Nigeria’s former president, Chief Olusegun Obasanjo, over the weekend, disclosed that West Africa has become a centre of hard drug consumption and no longer a transit point.
He said this in his remarks at the second edition of ‘Fly Above The High’, an anti-drug campaign conference organised by Recovery Advocacy Network, in Abeokuta.
Obasanjo lamented the rate at which Nigerian youths engaged in the usage of hard drugs, advising them to abstain from it in order not to jeopardise their future.
He explained that the use and abuse of psychoactive drugs would rather destroy their future than add value to life.
The former president, who recalled his role as the Chairman of the West African Drug Commission under the Kofi Annan Foundation, stated that members of the Commission and himself went around the West African countries with the belief that the region was free from drugs but discovered that the region is not just a transit point for drugs but a centre of consumption.
He, therefore, called for restraint among the youths, saying, “There is nothing drugs can do for you except destruction.”
“But to our dismay, displeasure, and pain, at the end of the exercise, we found out that West Africa has equally been a centre for drug consumption in a very bad way.
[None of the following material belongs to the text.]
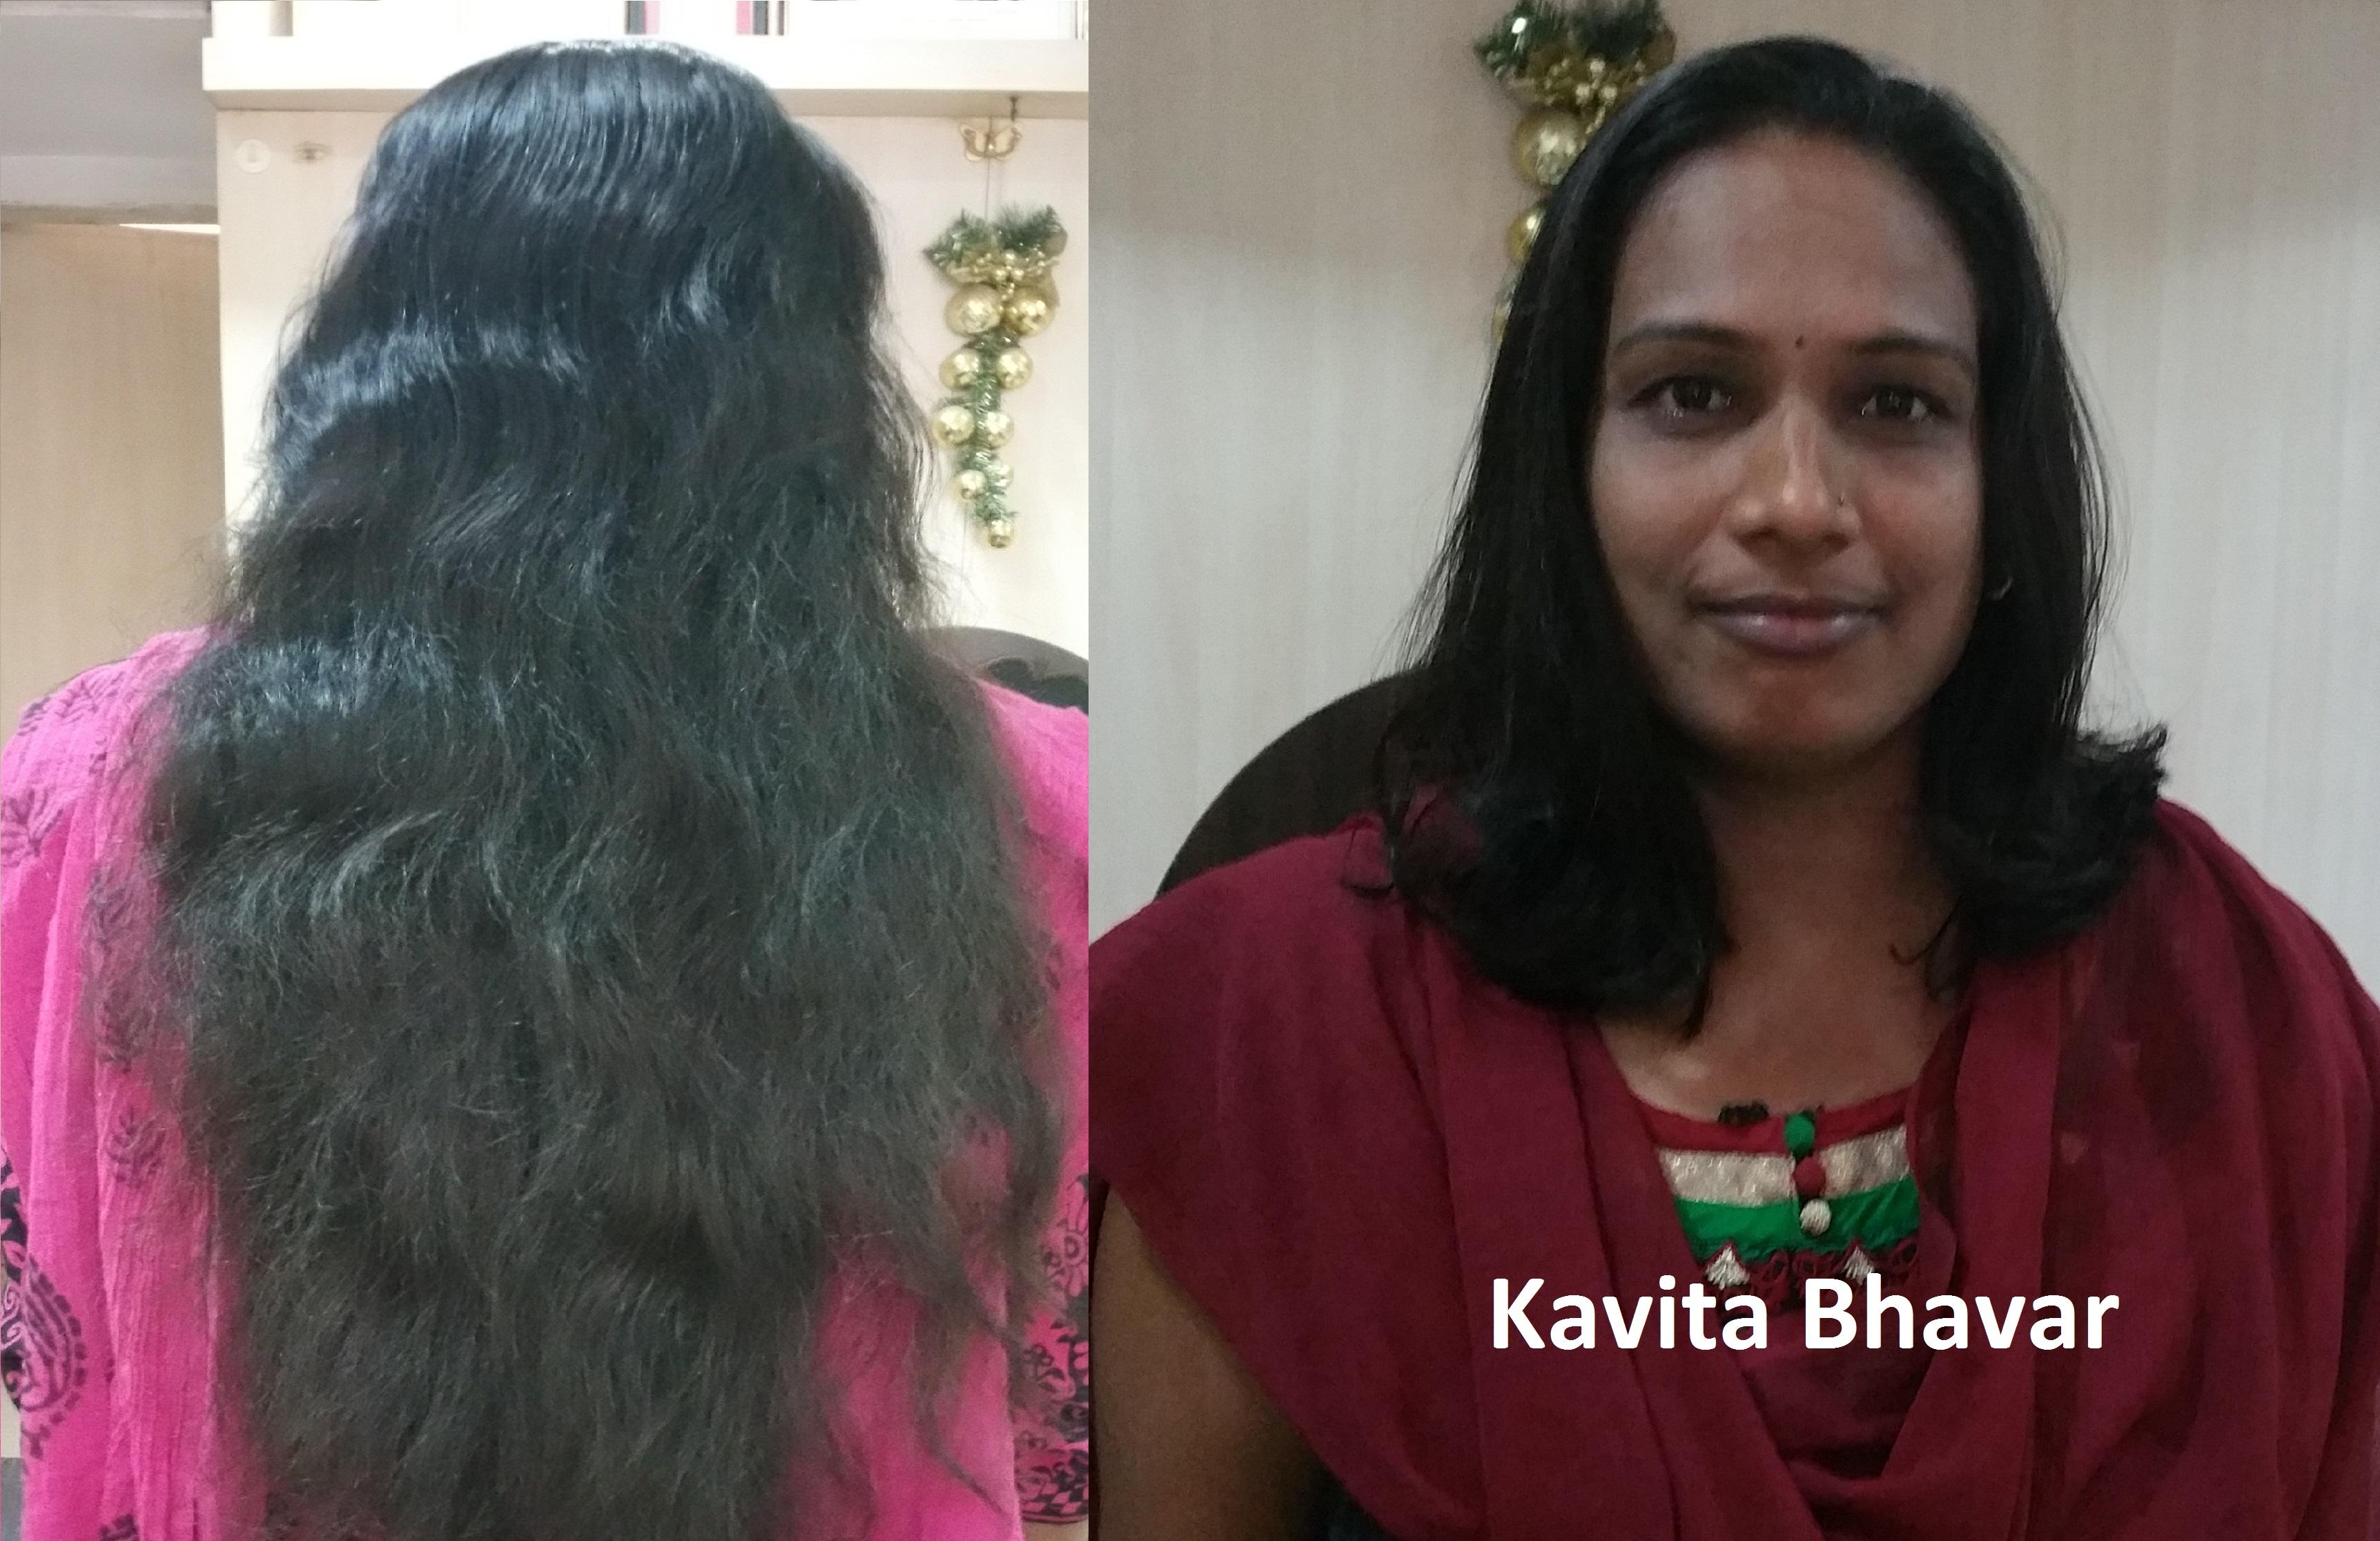 Kavita Bhavar

That was more than 10 years ago, so the situation has since gone worse. And whatever applies to West Africa applies to all other parts of Africa,” Obasanjo said.
Obasanjo equally recalled how he attempted to embrace smoking as a habit as a young man and was later confronted with a severe cough, which made him run away from it.
He said, “If I had persisted, I could have become addicted. Once you get involved, it is difficult to get out,” Obasanjo told the gathering of youths, students, mental health specialists, and policymakers. There’s nothing drugs can do for you except destruction.”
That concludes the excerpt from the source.